Utah Identity Theft Laws

The state of Utah includes various laws regarding identity fraud and the protection of personal information. It is essential for all consumers and businesses to do their part to ensure this data is safe and protected from criminals. People looking to steal the personal identifying information of others will do it any way they can, whether it is directly from the individual, through a business database, or otherwise. Both home and business security are vital for keeping this information safe.

utah identity theft laws

Utah Laws

Identity Fraud - 76-6-1102

Intentionally using the personal information of another is known in the state of Utah as identity fraud. Attempting to gain employment, goods, credit, records, or cash while using this information is further punishable by the state of law. It is a third degree felony to use this information, no the matter the intent. Obtaining a goods, credit, or money in the amount of $5,000 or more earns the perpetrator a second degree felony charge. A minimum of one year in prison will be spent, and up to $10,000 paid. The offender will also have to pay restitution to the victim.

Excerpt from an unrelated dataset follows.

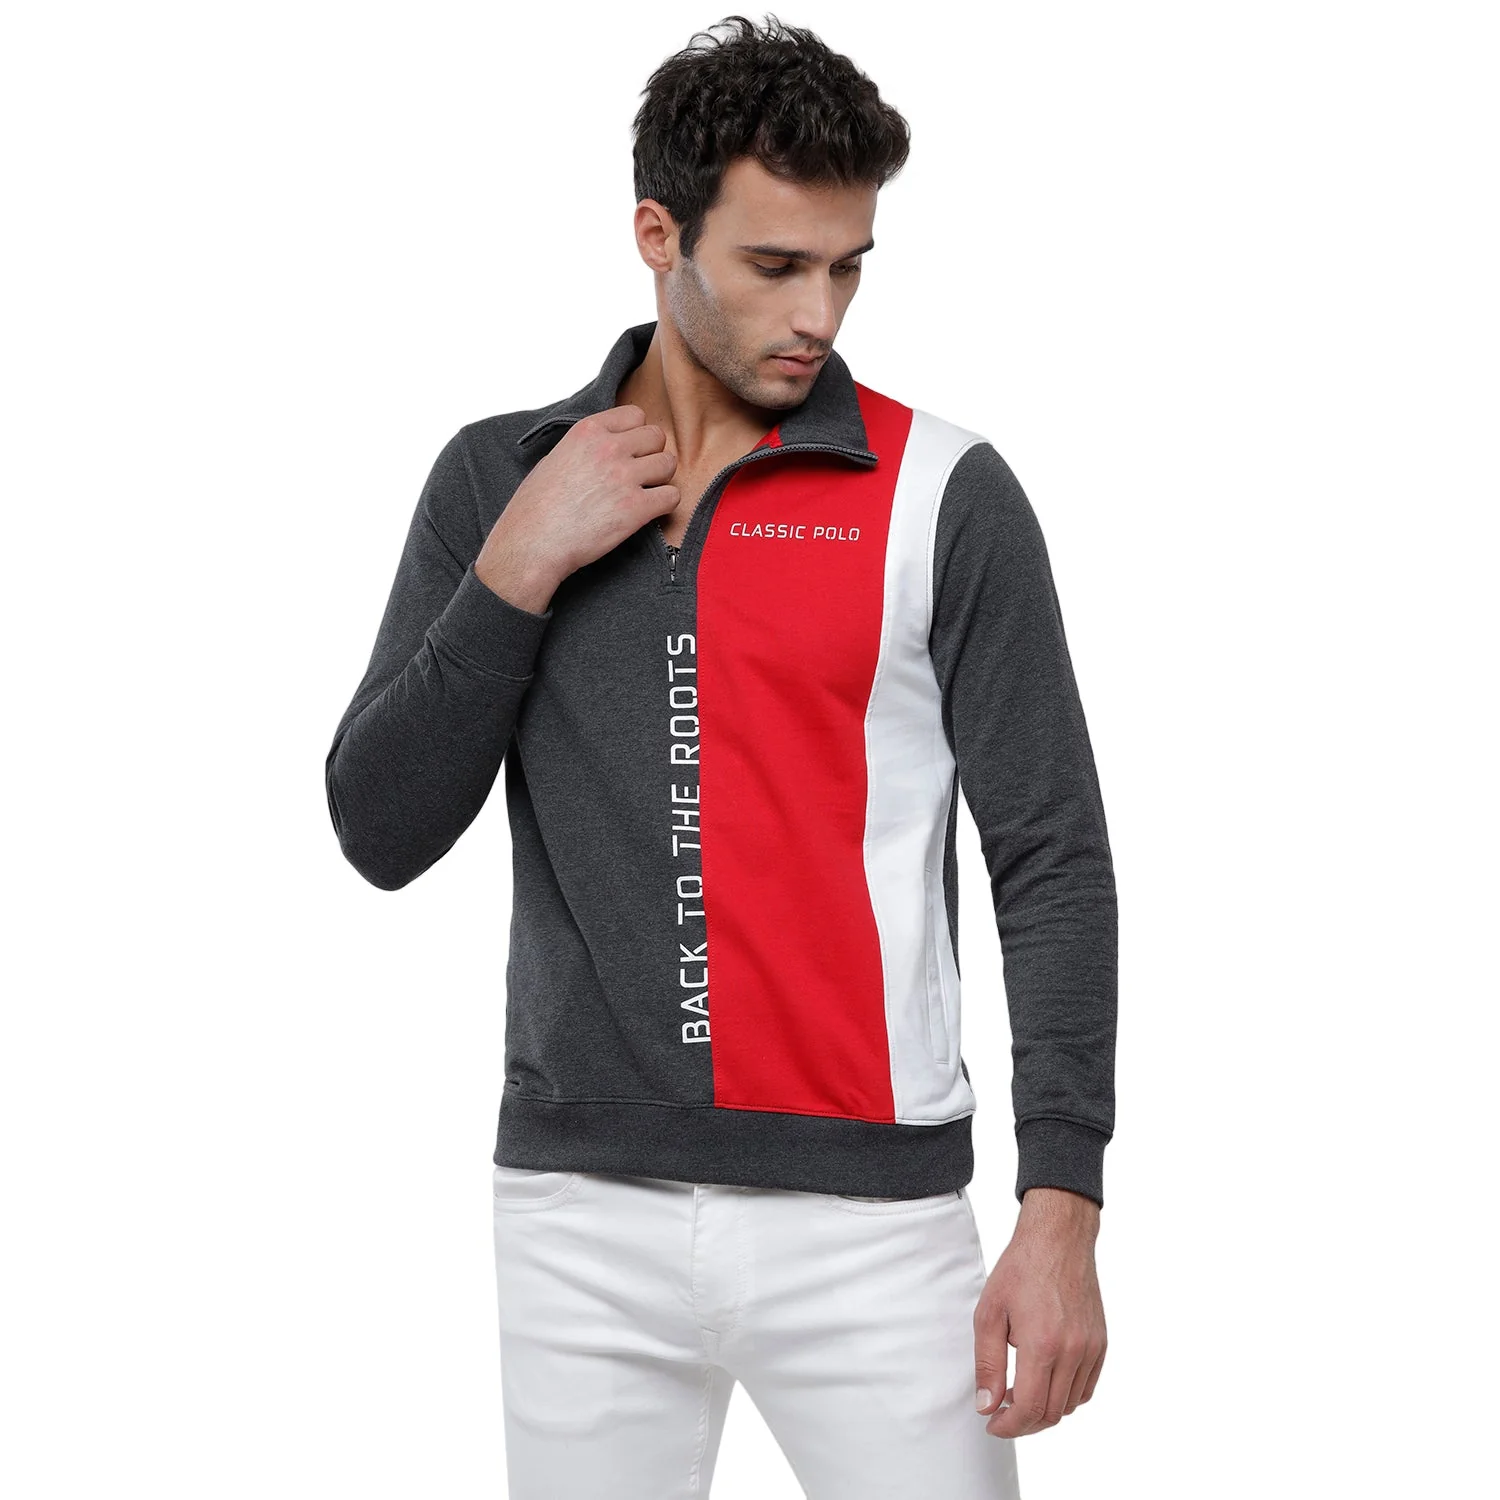 Classic Polo Men's Color Block Full Sleeve Red & Grey Polo Neck Sweat Shirt - CPSS-331A

Suspected Misuse of Personal Identifying Information - 35A-4-312.5

Suspected misuse of personal identifying information mainly refers to the use of someone else’s social security number. Some will use the information in order to gain employment. This could mean there are two people using the same number in order to work. Children under the age of 16 have never worked, making their social security numbers easier for someone to use. Once reported wages under the number exceed $1,000, the suspicion of misuse will come to light. It will then be reported to law enforcement so an investigation will begin. A crime of identity fraud may be charged.

Protection of Personal Information - 13-42-201

Any individual that conducts business in the state of Utah must vow to protect the personal information of all customers and employees. This includes implementing safety procedures that will keep sensitive information from being breached. No information shall be collected or maintained if there is not a proper procedure in place to protect it. Once the information is no longer needed, the business owner must ensure it is erased from the system, and all paper files are shredded.

Disclosure of System Security Breach - 13-42-202

A security breach may occur even with the most advanced security system in place. If it does, it is important that the company responsible for maintaining any personal information informs the people to whom the information belongs. Written notice should be given to all individuals who have their data in the system, especially if it contains more than just a name and address. The notification should also include disclosing the breach to news agencies and listing the details on the company’s website. This can help reach more people in a timely manner.

Phishing - 76-10-1801(f)

Using a computer in order to obtain personal information is known as phishing. This is typically done through a false website or via email. The perpetrator will send an email to a consumer claiming to being a business that requires personal information. Many people fall for the scam, and send their information without hesitation. Another method is to link consumers to a false website that requires users to create an account or enter information when they make a purchase. Their data is then collected from there. Even obtaining the electronic signature of another person is a crime under this law, let alone their payment card information, PIN number, social security number, and driver’s license details. This is a second degree felony offense.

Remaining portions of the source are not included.